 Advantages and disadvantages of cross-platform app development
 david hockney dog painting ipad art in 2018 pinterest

+++

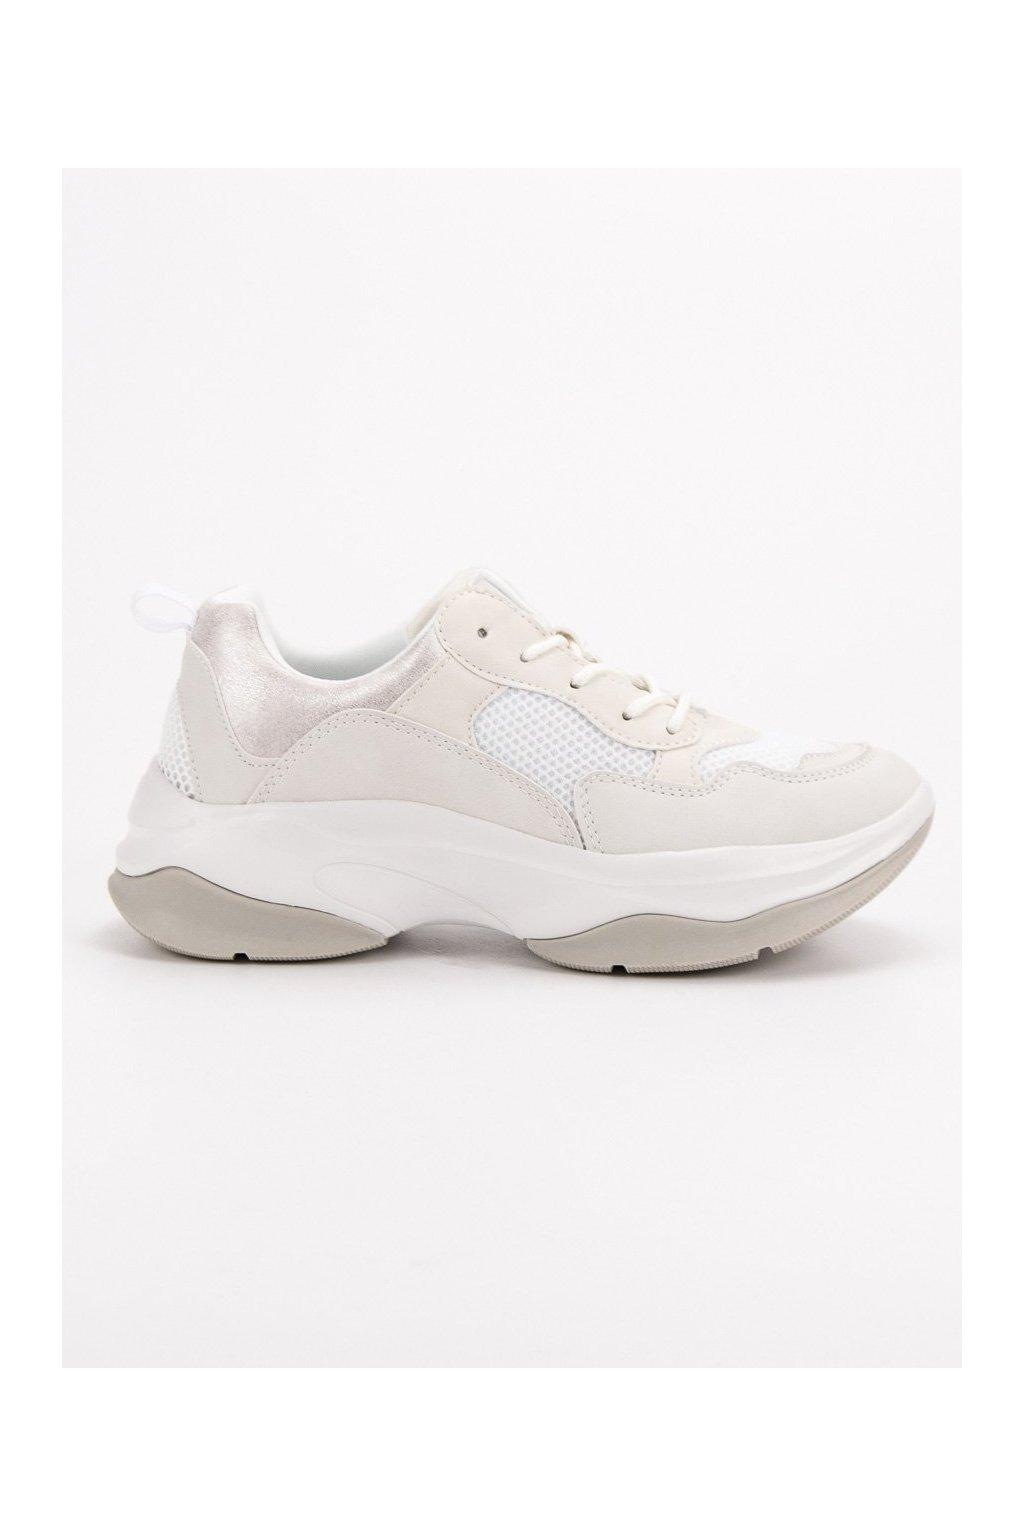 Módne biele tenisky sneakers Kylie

+++

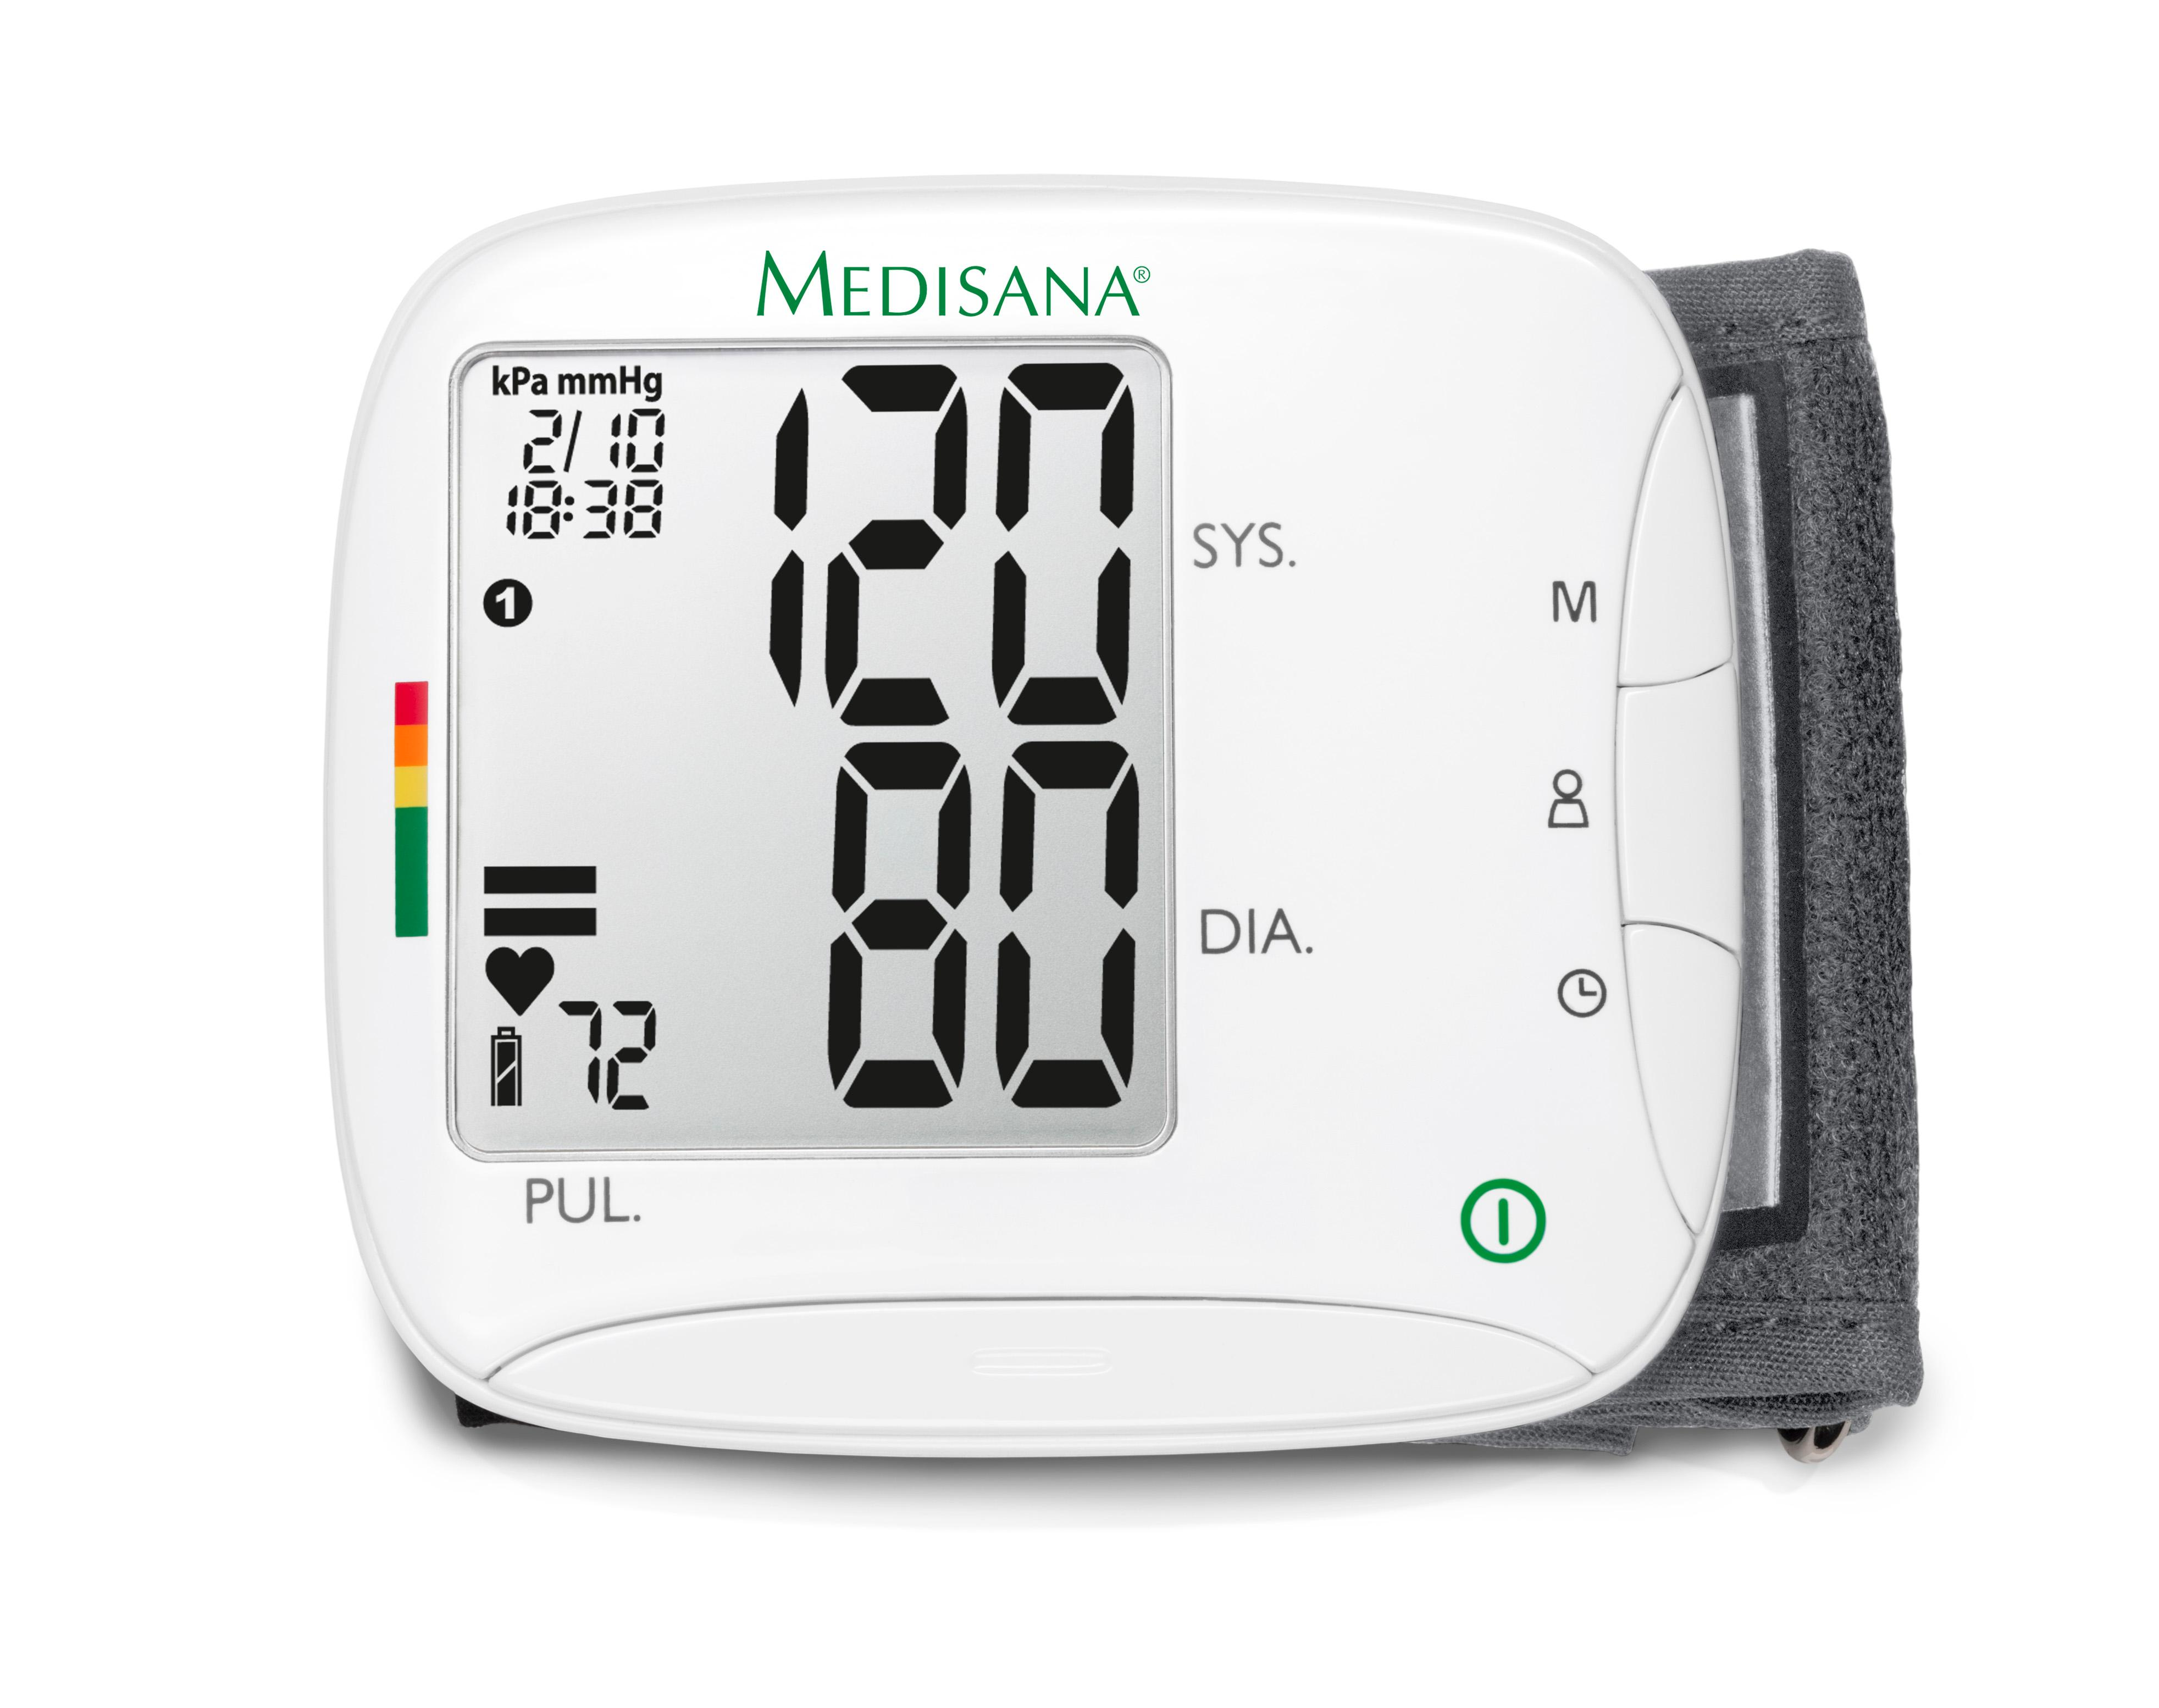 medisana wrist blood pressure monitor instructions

+++

● **What the task asks**: Set down, from the entries above, exactly the lines from the one with "Advantages and disadvantages" up to and including the one with "david hockney dog", and no other lines.

● **Written response**:
 Advantages and disadvantages of cross-platform app development
 david hockney dog painting ipad art in 2018 pinterest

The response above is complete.